General vs. specific price changes
An important distinction to be
understood is that between general and specific price changes, and how the
effects of each can be meaningfully reported on in financial statements.
Changes in specific prices, as with the inventory example above, should not be
confused with changes in the general level of prices, which give rise to what
are often referred to as purchasing power gains or losses, and result from
holding net monetary assets or liabilities during periods of changing general
prices. As most consumers are well aware, during periods of general price
inflation, holding net monetary assets typically results in experiencing a loss
in purchasing power, while a net liability position leads to a gain, as
obligations are repaid with “cheaper” dollars. Among other effects, prolonged
periods of general price inflation motivates entities to become more leveraged
(more indebted to others) because of these purchasing power gains, although in
reality creditors are aware of this and adjust interest rates to compensate.

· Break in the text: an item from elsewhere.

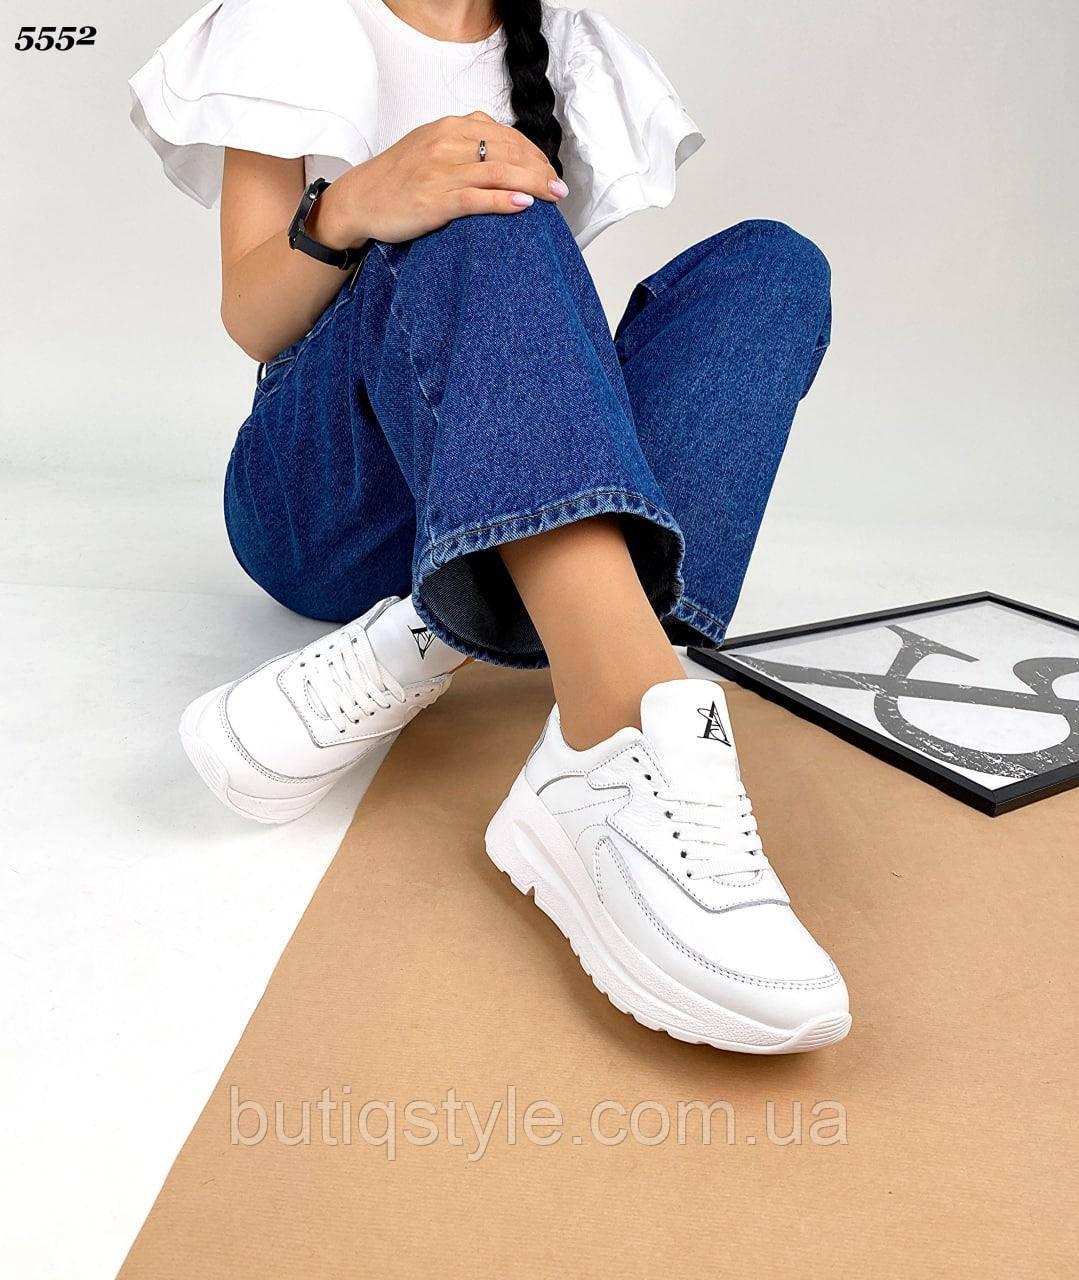 Жіночі білі кросівки натуральна шкіра

Specific prices may change in ways
that are notably different from the trend in overall prices, and they may even
move in opposite directions. This is particularly true of basic commodities
such as agricultural products and minerals, but may also be true of
manufactured goods, especially if technological changes have great influence.
For example, even during the years of rampant inflation during the 1970s some
commodities, such as copper, were dropping in price, and certain goods, such as
computer memory chips, were also declining even in nominal prices. For entities
dealing in either of these items, holding inventories of these non-monetary
goods (usually a hedge against price inflation) would have produced large
economic losses during this time. Thus, not only the changes in general prices,
but also the changes in specific prices, and very important, the interactions
between these can have major effects on an enterprise’s real wealth. Measurement
of these phenomena should be within the province of accounting.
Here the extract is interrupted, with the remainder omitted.